A plan to build a water storage reservoir south of Lake Okeechobee was approved by federal budget officials on Tuesday, as part of an effort to reduce blue-green algae blooms on Florida's coasts.
The roughly $1.6 billion dollar reservoir project will now pass from the White House Office of Management and Budget to the U.S. Senate, where it's expected to be funded as part of a water resources bill.
Scientists and state and federal water managers say the reservoir would help lessen future algae blooms in the St. Lucie and Caloosahatchee waterways and on Florida's east and west coasts. The blooms this year are so massive that on Monday, Gov. Scott declared a state of emergency in seven counties.
The blue-green algae erupts when bacteria from aging septic tanks and manure mixes with water released from Lake Okeechobee. The lake water has high levels of nutrients such as phosphorus, which combine with the bacteria to worsen the algae blooms.
But the water discharges are often unavoidable, according to the U.S. Army Corps of Engineers, which oversees the water releases. After heavy summer rains, high water in Lake Okeechobee increases pressure on the Herbert Hoover Dike, which is currently being repaired.
Scientists and water managers say having more storage south of the lake would lessen the need for the discharges east and west.
The algae crisis and what happens with the reservoir has become an issue in the 2018 Senate race between current U.S. Sen. Bill Nelson, a Democrat, and his main opponent, Republican Gov. Rick Scott.
"The EAA reservoir project that we have been fighting for has been approved by the White House & will be transmitted to Congress.
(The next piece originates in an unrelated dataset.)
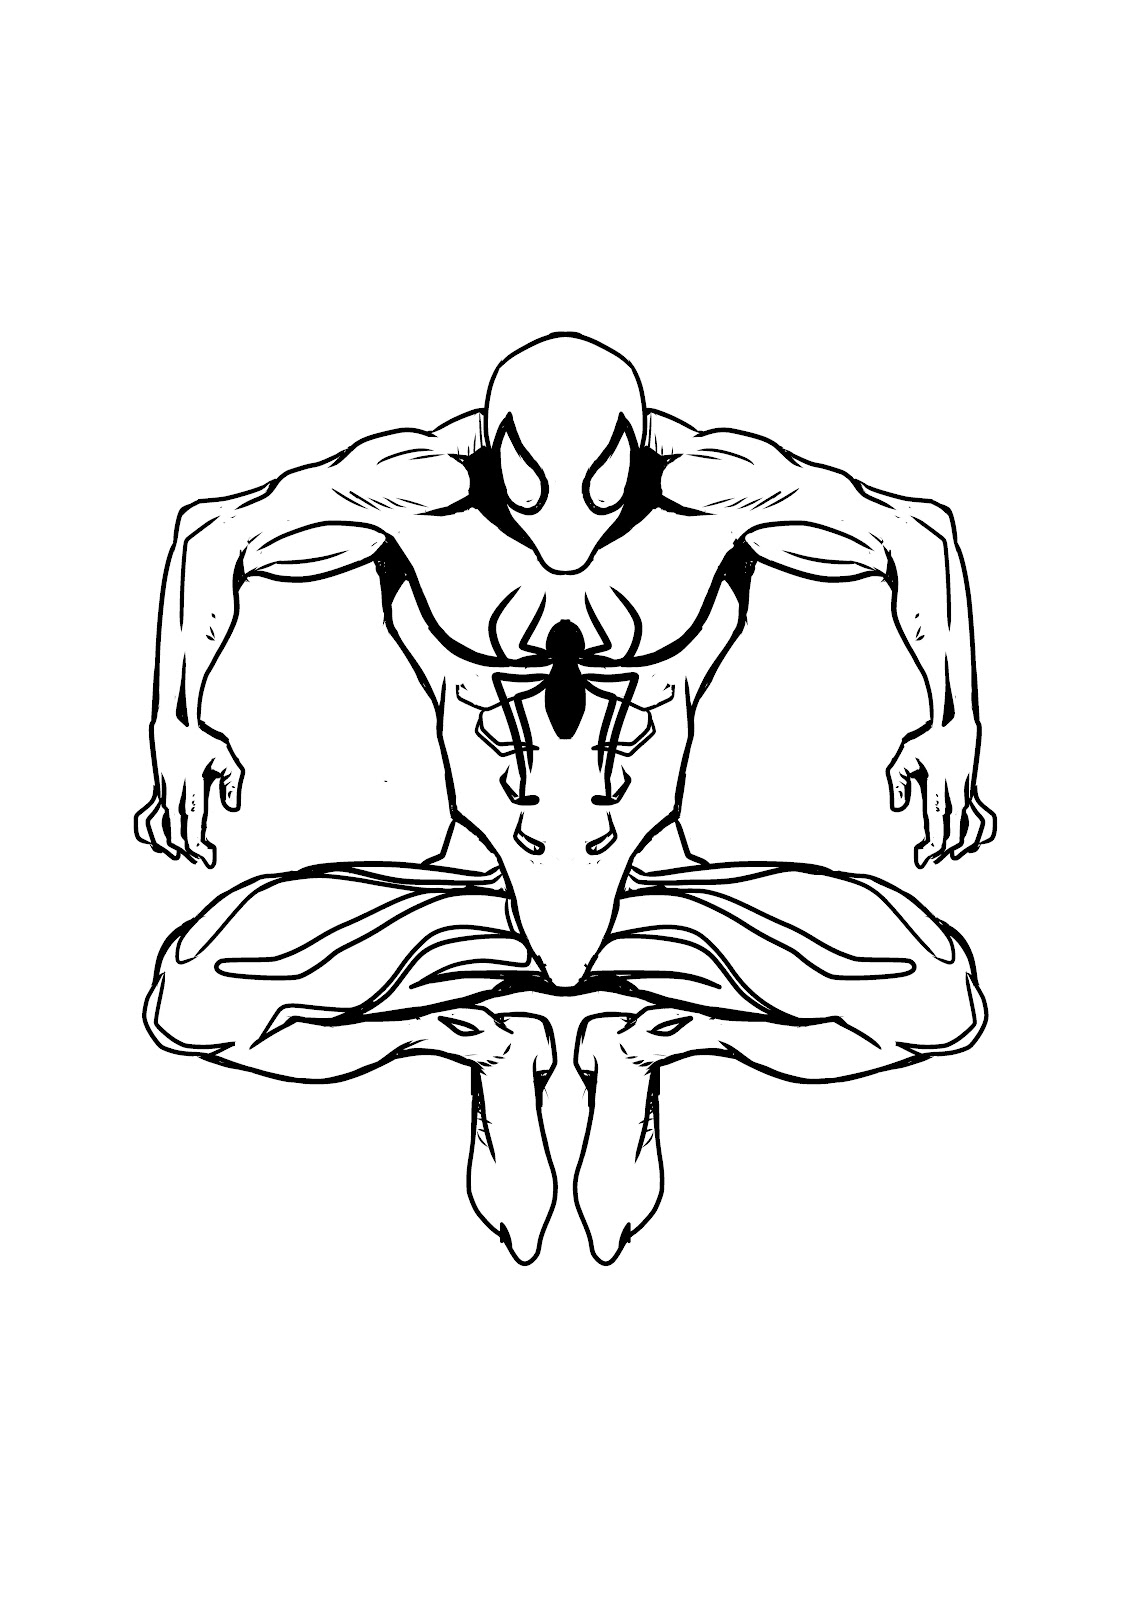 Disegno di Spiderman da colorare online

This critical project will help us move & store more water south of Lake Okeechobee," Scott wrote on Twitter on Tuesday.
BREAKING: The EAA reservoir project that we have been fighting for has been approved by the White House & will be transmitted to Congress. This critical project will help us move & store more water south of Lake Okeechobee.— Rick Scott (@FLGovScott) July 10, 2018
Also on Twitter, Nelson posted he's asked federal health officials to study the impacts of algae blooms.
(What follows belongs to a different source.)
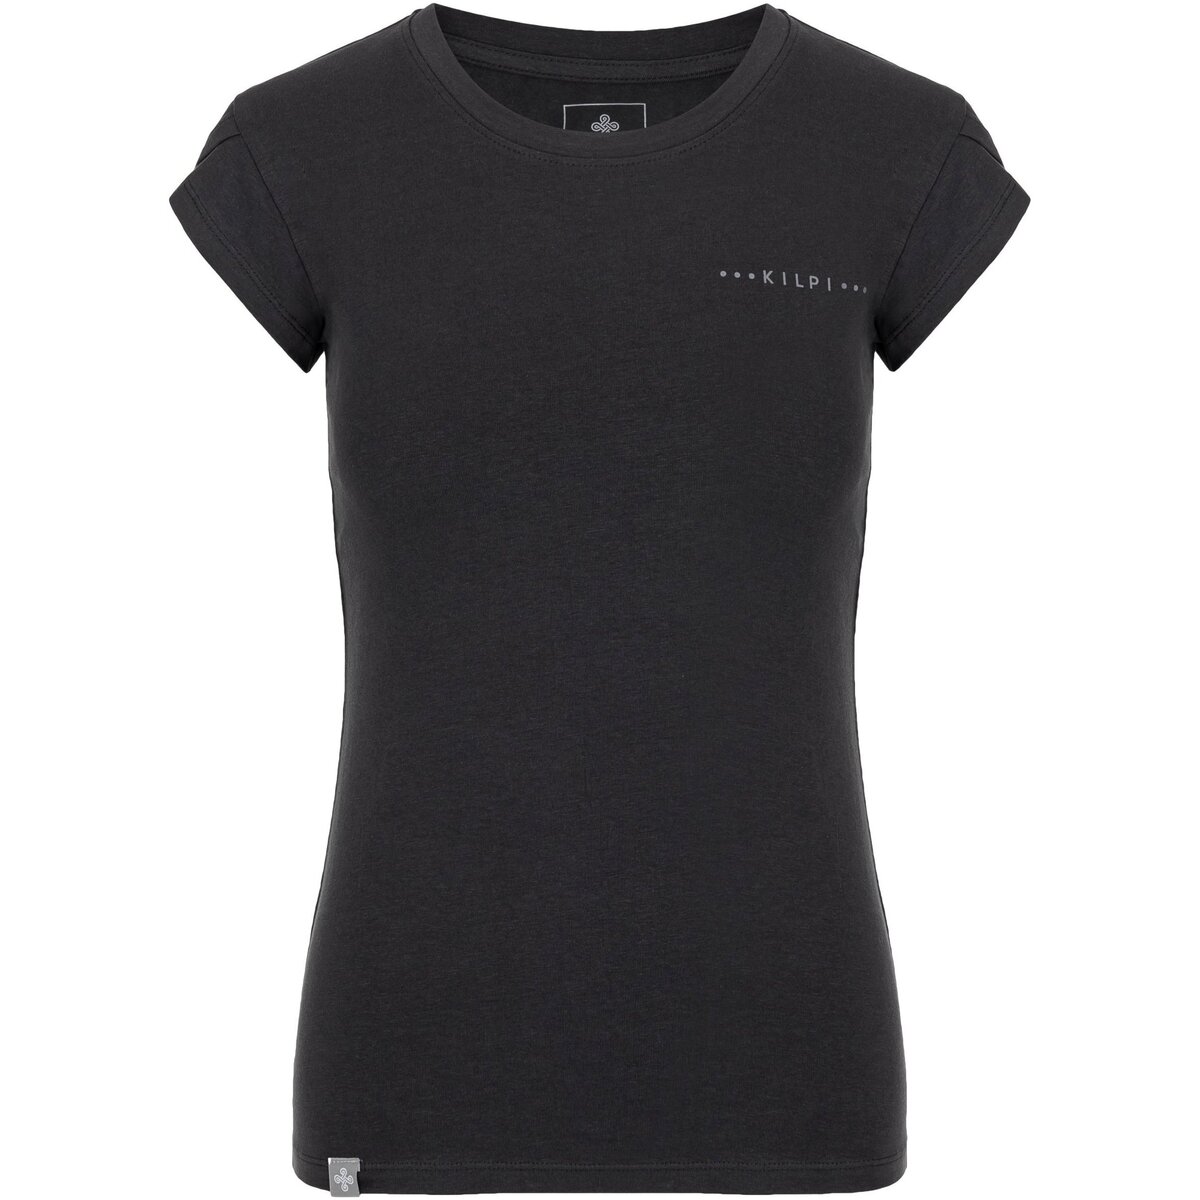 Kilpi Gris T-shirt coton femme LOS-W 8aW2Mht5

"People should know how toxic algae can impact their health," the Tweet said. "Rick Scott is not providing adequate information to folks in effected [sic] areas, so I've asked the CDC to step in to help inform the public and study the effects of prolonged exposure to this algae."
People should know how toxic algae can impact their health. Rick Scott is not providing adequate information to folks in effected areas, so I've asked the CDC to step in to help inform the public and study the effects of prolonged exposure to this algae. https://t.co/RaJ55GRx7C— Bill Nelson (@NelsonForSenate) July 10, 2018
Everglades advocates, meanwhile, say they're just happy progress is finally being made on a signficant restoration project. The original Comprehensive Everglades Restoration Plan, a state-federal partnership, was initiated in 2000. Of its 60-plus original projects, only a handful -- one, two or three, depending on who you ask -- are complete.
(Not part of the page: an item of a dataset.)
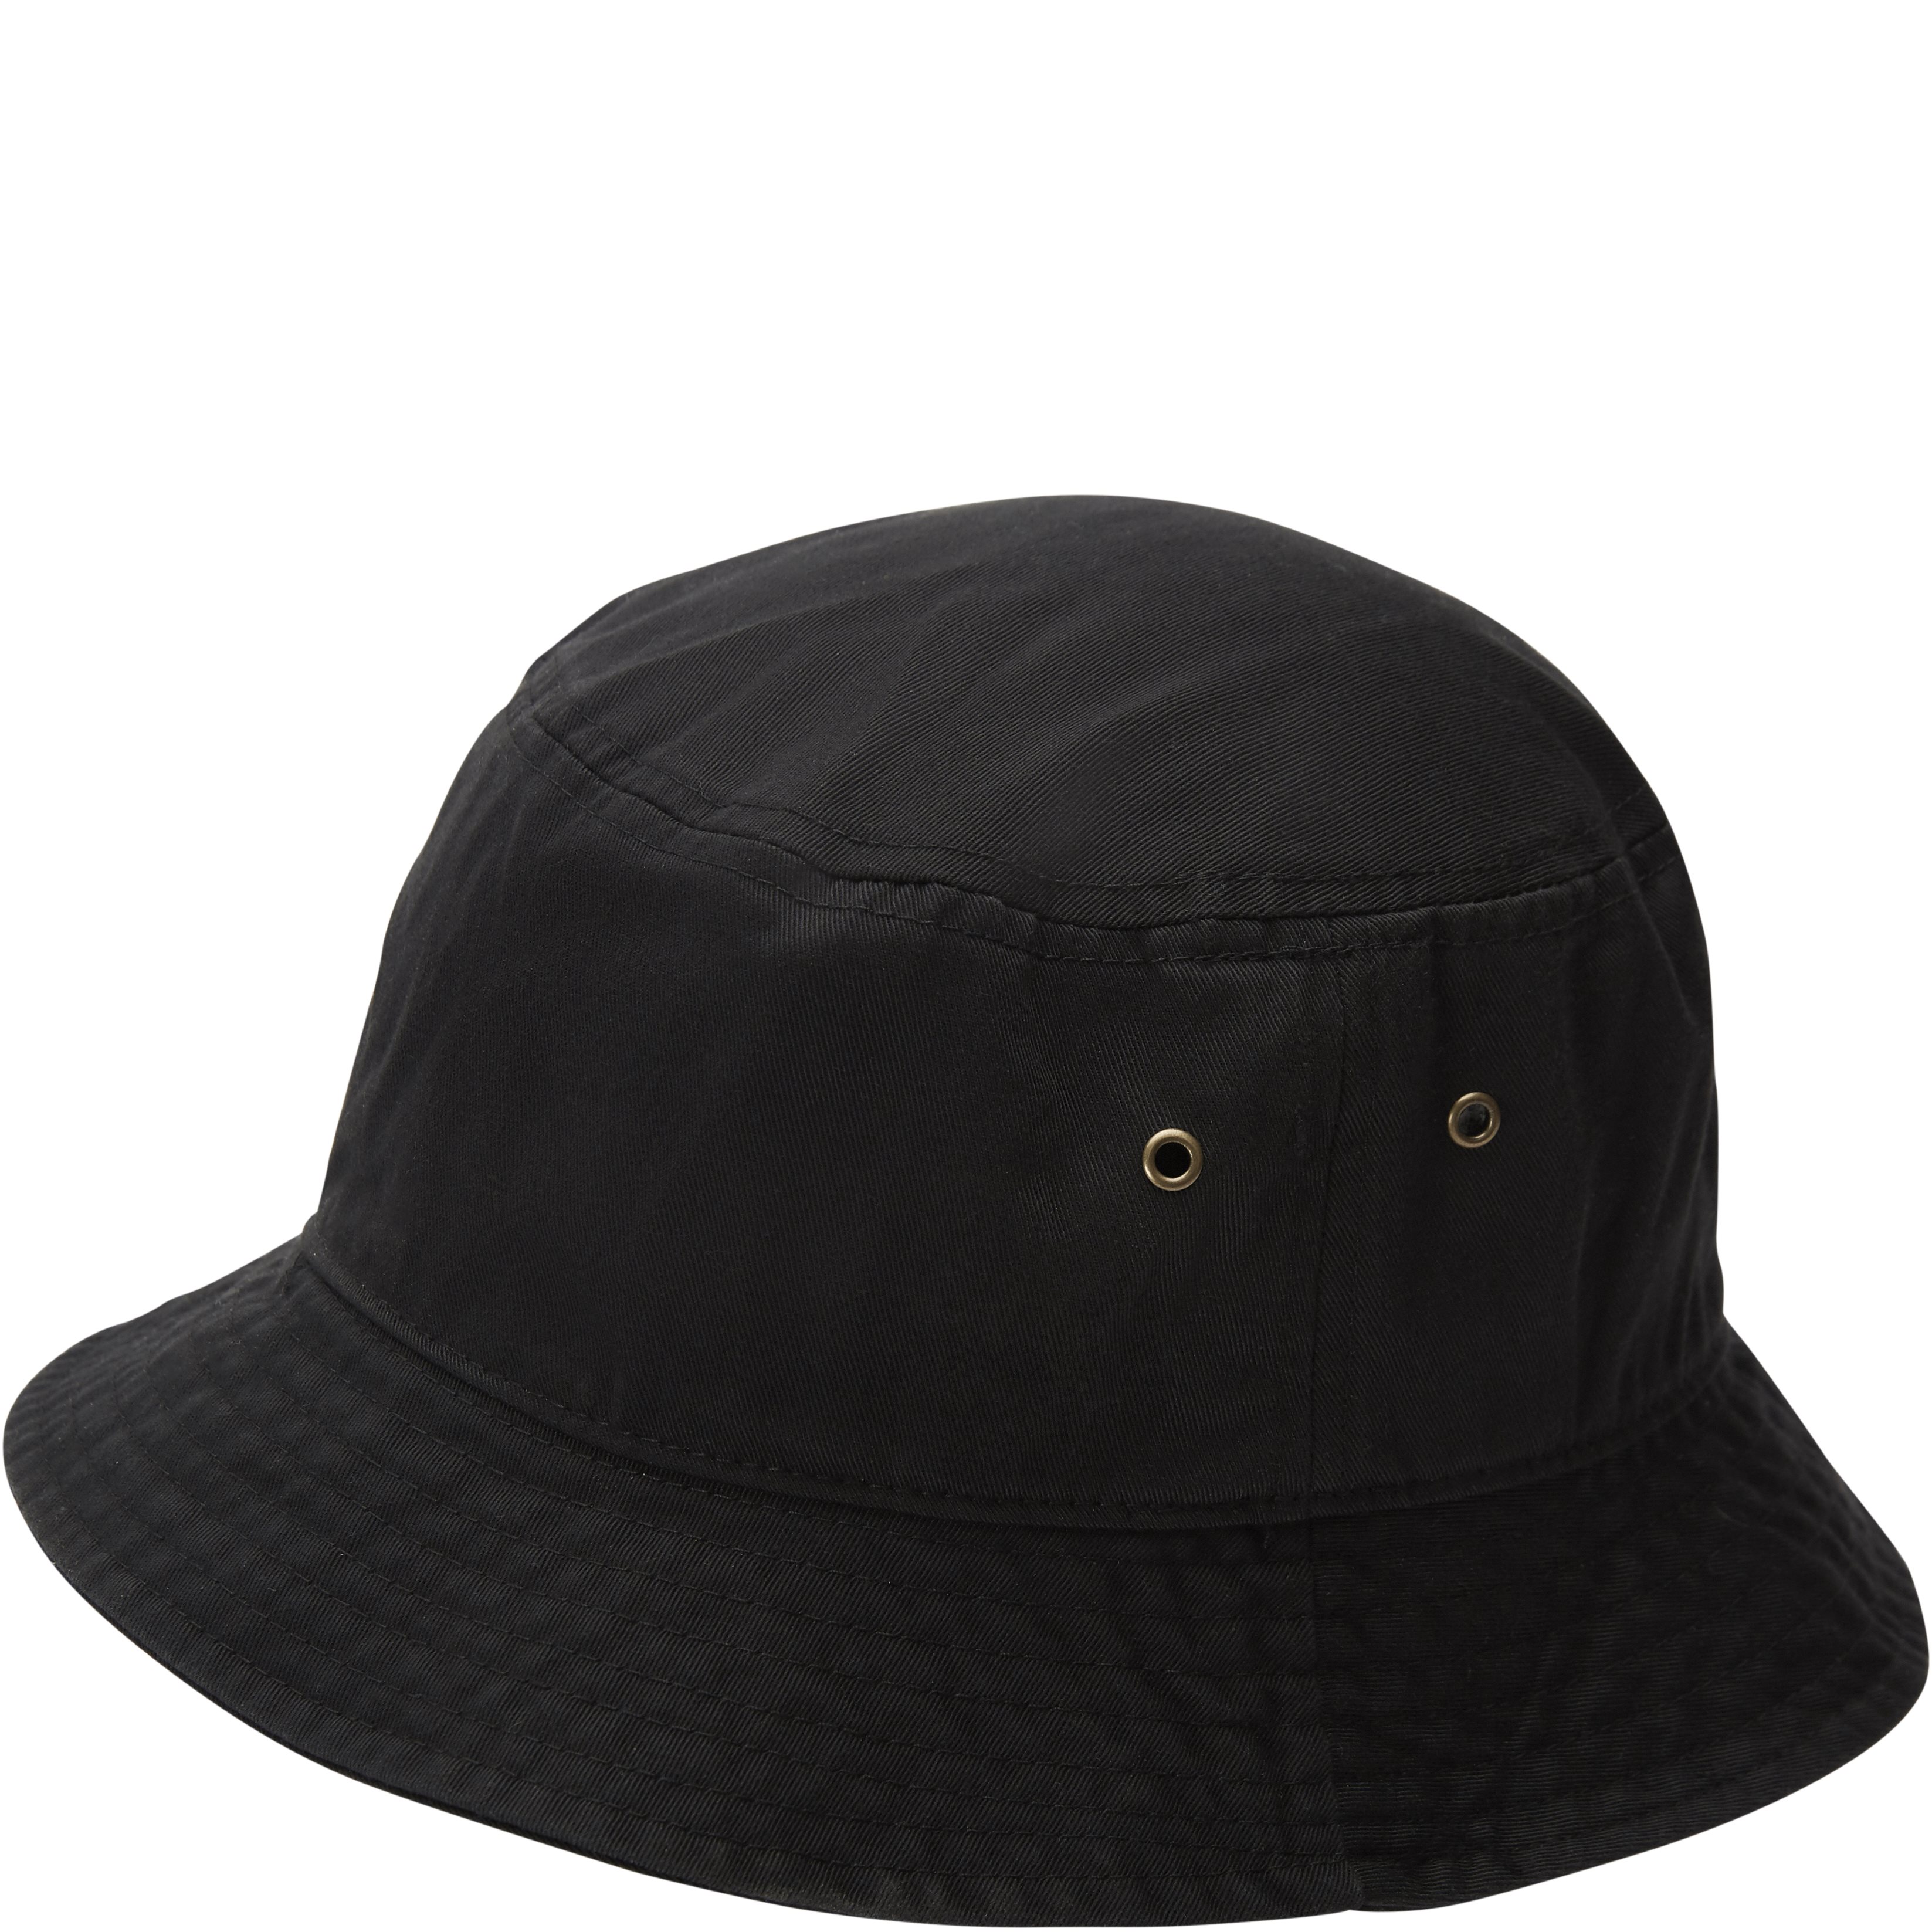 qUINT Hats BUCKET 500 Black

"After 18 years of unnecessary delay, Florida is finally poised to move forward with the solution that scientists and policymakers alike have long known is indispensable," said Eric Eikenberg, CEO of the Everglades Foundation, in a statement.
Florida Senate President Joe Negron, a Stuart resident who's been championing the reservoir since algae blooms devastated tourism and fishing in his community in 2016, urged federal officials to continue the momentum.
"I look forward to securing the federal funds to match Florida's approved budget for this project," he said in a statement. "There is no reason we cannot begin the initial permitting and engineering for the reservoir within the next few months. This is an emergency; time is of the essence."